Original Article below
In my article listing the somatostatin analogues and their drug delivery systems pipeline (click here), there has been a very interesting development in a product called Q-Sphera (was previously known as Q-Octreotide). In a press release, it was announced that an unnamed ‘pharma giant’ has signed a deal with Midatech Pharma Plc that will see it evaluate the latter’s Q-Sphera drug delivery platform. Later in Feb 2019, the pharma was identified as China Medical System Holdings Limited (based out of Hong Kong). Adding to the excitement behind this development, it was announced in Mar 2019 that the Spanish Government had conditionally approved a €6.6m loan that will be used to help commercialise this flagship drug.
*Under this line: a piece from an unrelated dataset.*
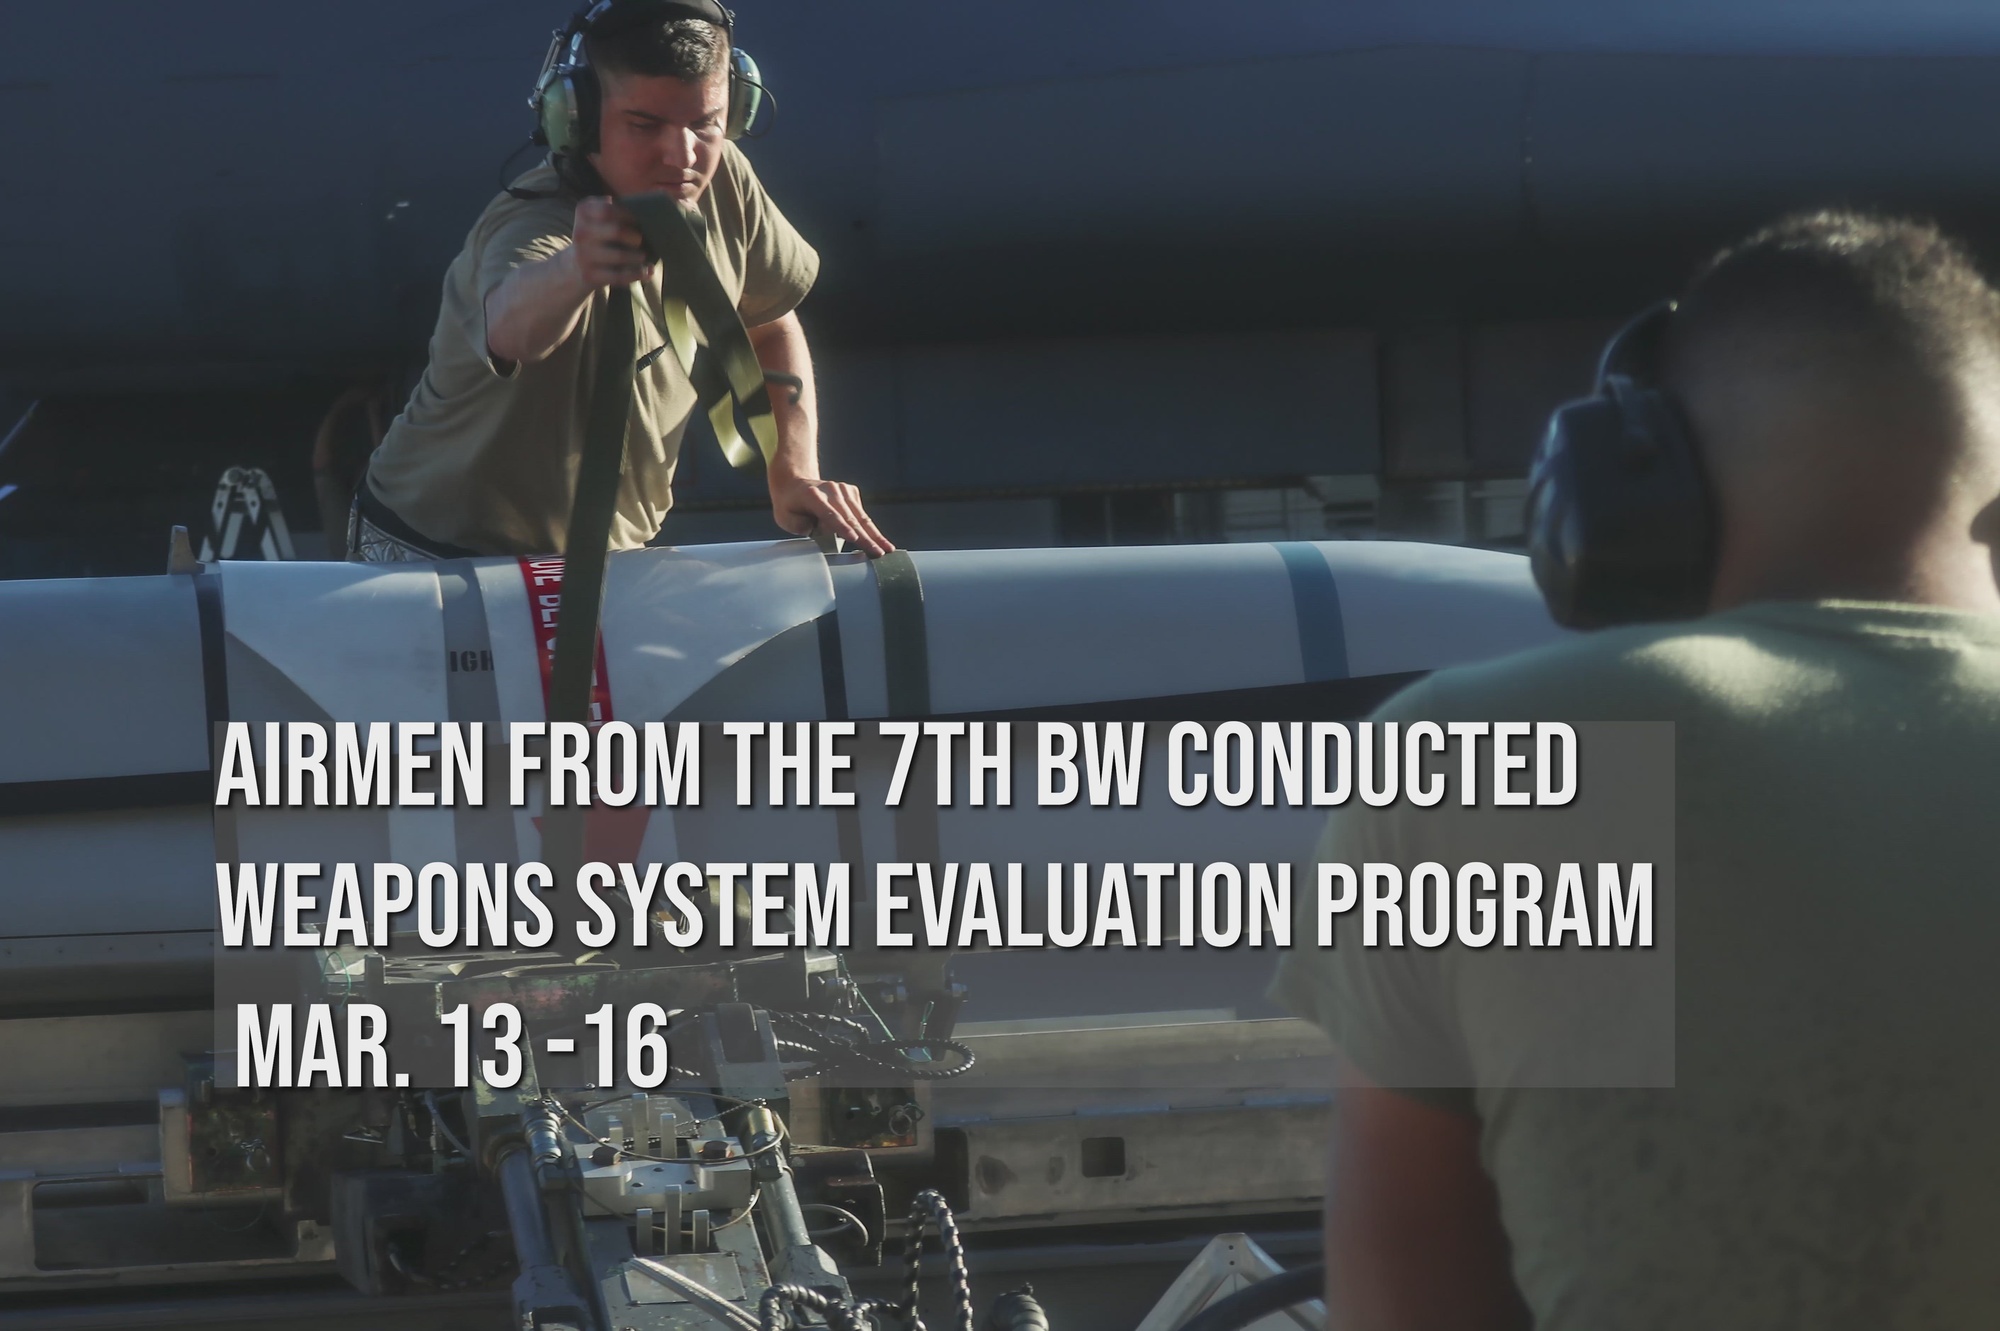 Dyess participated in Exercise Combat Hammer, a Weapons System Evaluation Program meant to test live-fire weapons systems during realistic combat missions.

Latest update 8th January 2020.
Midatech Pharma PLC has hailed the positive results from a study assessing the potential to deliver one of its drugs via an injection under the skin rather than into the muscle. MTD201, which is being developed to treat Neuroendocrine Cancer and the growth hormone condition Acromegaly, was able to maintain the correct levels of plasma octreotide over six to eight weeks using this subcutaneous method, researchers found. The extended timeframe provides MTD201 with an advantage over the current injections into the muscle, which last just four weeks. Speaking about the results of Study 102, Midatech chief executive Craig Cook said: “It confirmed both the subcutaneous dosing route for MTD201, as well as the potential for extended dosing intervals. “These are key advantages for patients, physicians and payors, being the first therapy to offer this, and also gives Midatech a competitive advantage versus others as we move the product through to potential approval.” The clinical assessment of the delivery mechanism for MTD201 confirmed the process was safe with a similar profile to the jab into the muscle tissue. The ability to cut the injection burden to six from 12 a year would save time and money and allows the potential for self-administration, Midatech said. MTD201 has already been shown to require a smaller gauge needle, which makes delivery less painful to administer, while the treatment itself is quick to make up too. A ‘pivotal’ study if MTD201 is planned for later in the first half with preparations already underway.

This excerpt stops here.